When Knebel was on the DL earlier in the year, Counsell leaned heavily on the All-Star duo of Jeremy Jeffress (4 saves) and Josh Hader (8 saves) in the late innings, with both hurlers working several multi-inning stints. The bullpen’s ERA was 2.43 in March/April and 2.48 in May, but Knebel’s return to closing duties seems to have coincided with the relief corps coming back down to earth. The ‘pen’s ERA in June was 4.52, then 4.17 in July, and so far in August it’s been a putrid 10.33 in 27.0 innings. The Cream City Nine had a strong argument for their bullpen as the best in baseball in the season’s early going, but in terms of ERA they have plummeted all the way down to 11th in the league entering play today (3.75) due to the group’s more recent struggles.
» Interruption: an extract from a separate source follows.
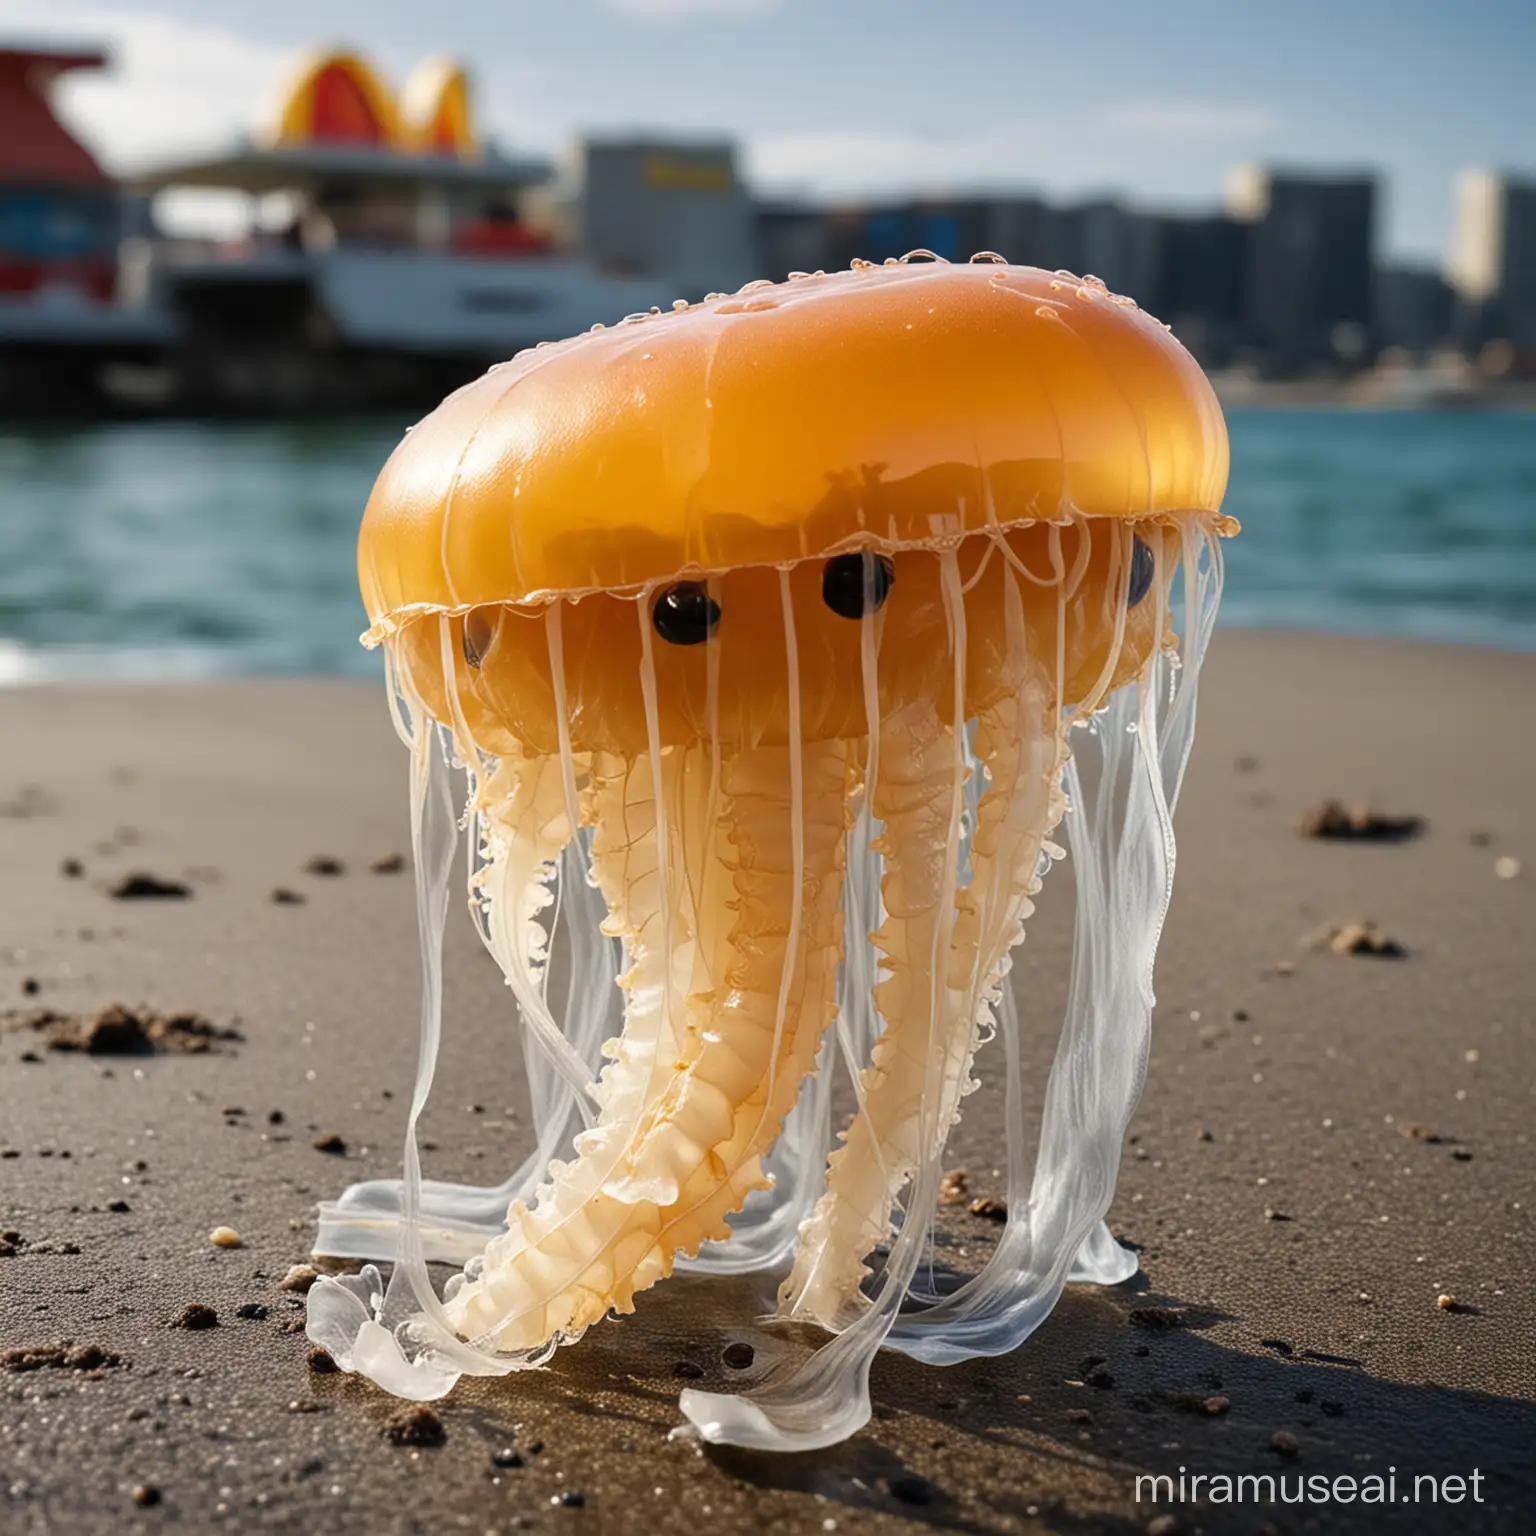 a jelly fish eating Mc Donalds

Hader (1.60 ERA) and Jeffress (1.29 ERA) still have sparkling numbers on the year and should be able to be counted on in high-leverage situation. Not pigeonholing either one into a specific ninth inning role is important to the bullpen, too, as both have pitched in big spots all year long anywhere from the fifth inning and on. Organizational top pitching prospect Corbin Burnes has looked quite impressive during his first run in the big leagues, fashioning a nifty 3.00 ERA with a 14:4 K/BB ratio through his first 12.0 innings at the MLB level. And outside of a tough June (6.23 ERA in 13.0 innings), Dan Jennings has been quite reliable on the whole for Counsell this season. He owns a 3.15 ERA in 54.1 innings, but doesn’t miss bats like the other trio that CC mentioned as part of the late-innings mix.

With Knebel struggling and Soria, Matt Albers, and Taylor Williams all hurt, the club’s bullpen depth will face quite a tough test moving forward. It is incumbent that the four aforementioned hurlers continue their levels of success, but the Brewers will need one or two other arms to step up in a major way, as well. Perhaps that will be recent waiver claim Jordan Lyles, or maybe the maddeningly inconsistent Jacob Barnes will go on a hot streak. It’s possible that this could be the chance for one of the minor league taxi squad guys - Brandon Woodruff, Aaron Wilkerson, Adrian Houser, or Alec Asher - to carve out a role and make an impact down the stretch.

There’s always the chance that David Stearns and company could look outside the org to the waiver trade market for an addition before the month ends, too. Given the recent confluence of events in Milwaukee, that outcome seems quite a bit more likely now than it did just a few days ago.